Jeśli piesi będą mieli pierwszeństwo - będą włazili na jezdnie i pasy bez uprzedniego upewnienia się, że jest bezpiecznie. Często widze świadome wpychanie się pod koła "bo pierwszeństwo". Wynik konfrontacji 1,5 tony blachy z 70kg mięsa jest oczywisty. Drobny błąd kierowcy i po człowieku.

Jeśli piesi nie będą mieli pierwszeństwa (lub będą mieli ograniczone) - będą w naturalny sposob unikali konfrontacji z dużą maszyną. Będą również upewniać się, czy wejście na jezdnię jest bezpieczne.

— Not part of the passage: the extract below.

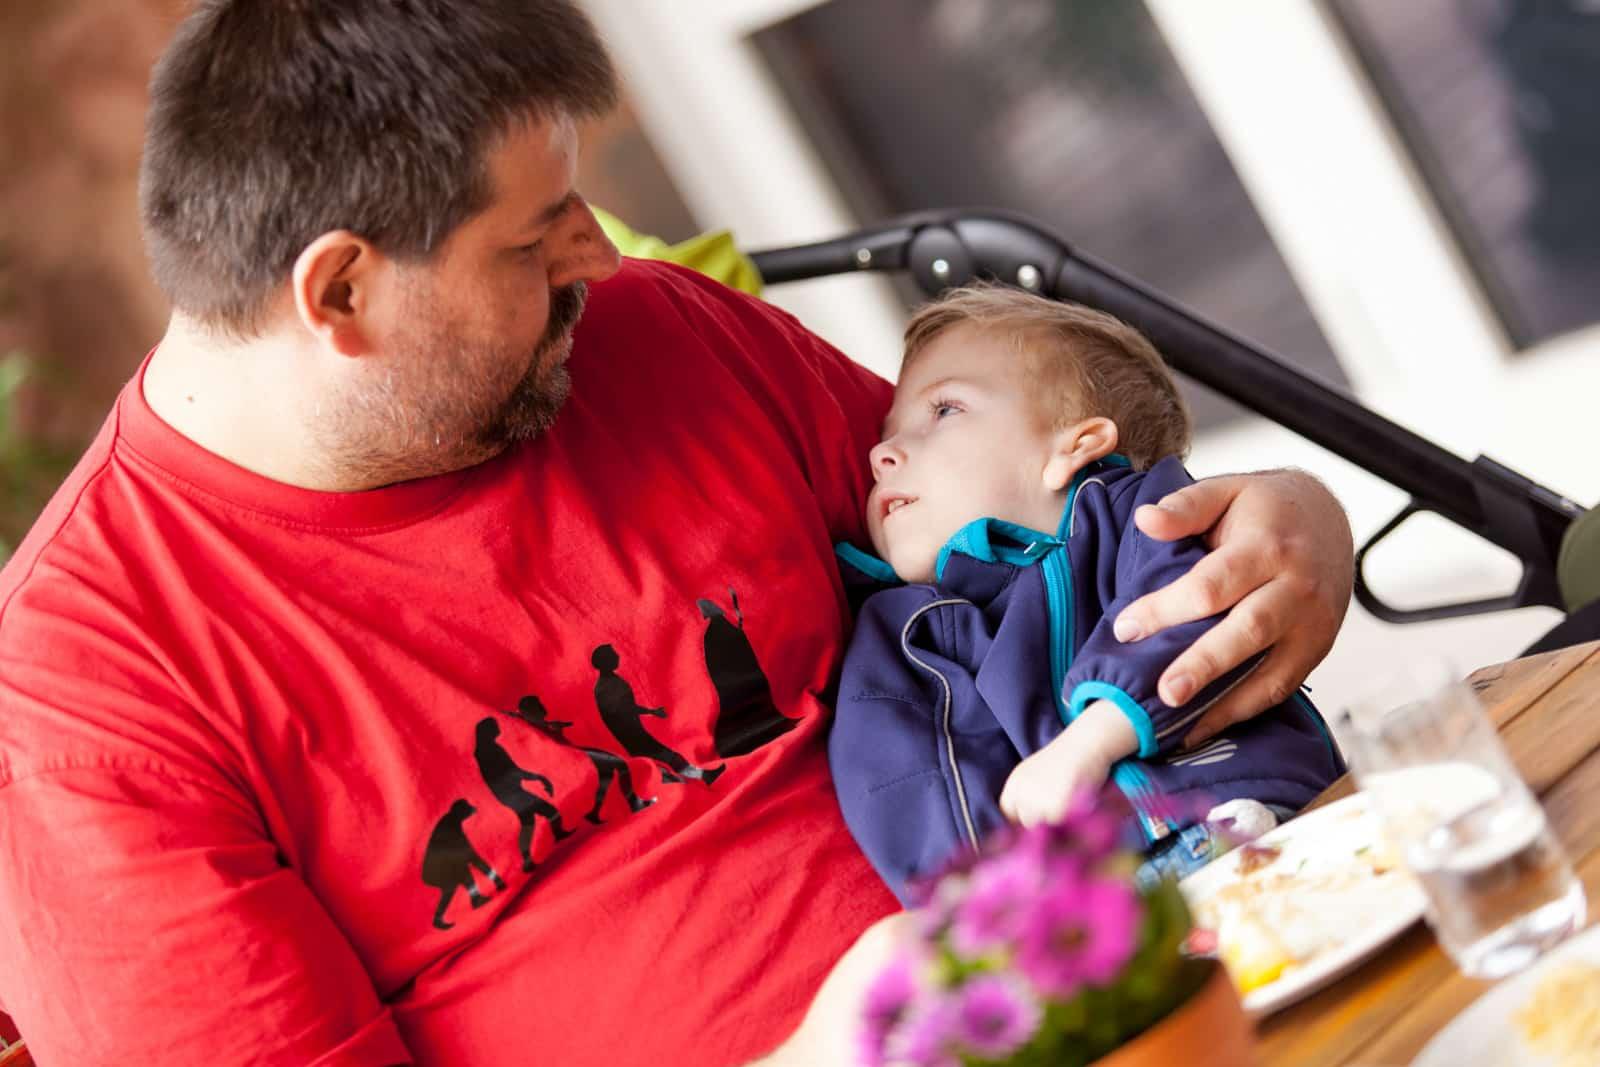 Ein Mann hat sein schwer erkranktes Kind im Arm

Błąd kierowcy będzie miał mniejsze konsekwencje niż w pierwszym scenariuszu.

Jeśli w danym miejscu dużo pieszych przechodzi przez jezdnie - zrobić sygnalizację. Jeśli mało - przejścia na ktorych mają albo kliknąć by zmieniło się światło albo czekać na luke między samochodami.

#polskiedrogi #mojwlasnywysryw
  • 186
  • Odpowiedz
  • Otrzymuj powiadomienia
    o nowych komentarzach

@Nabuhodozur: Niestety i tak potem jeżdżą, na stopach jadą, na warunku jadą, na późnym czerwonym jadą, 70 w zabudowanym jadą.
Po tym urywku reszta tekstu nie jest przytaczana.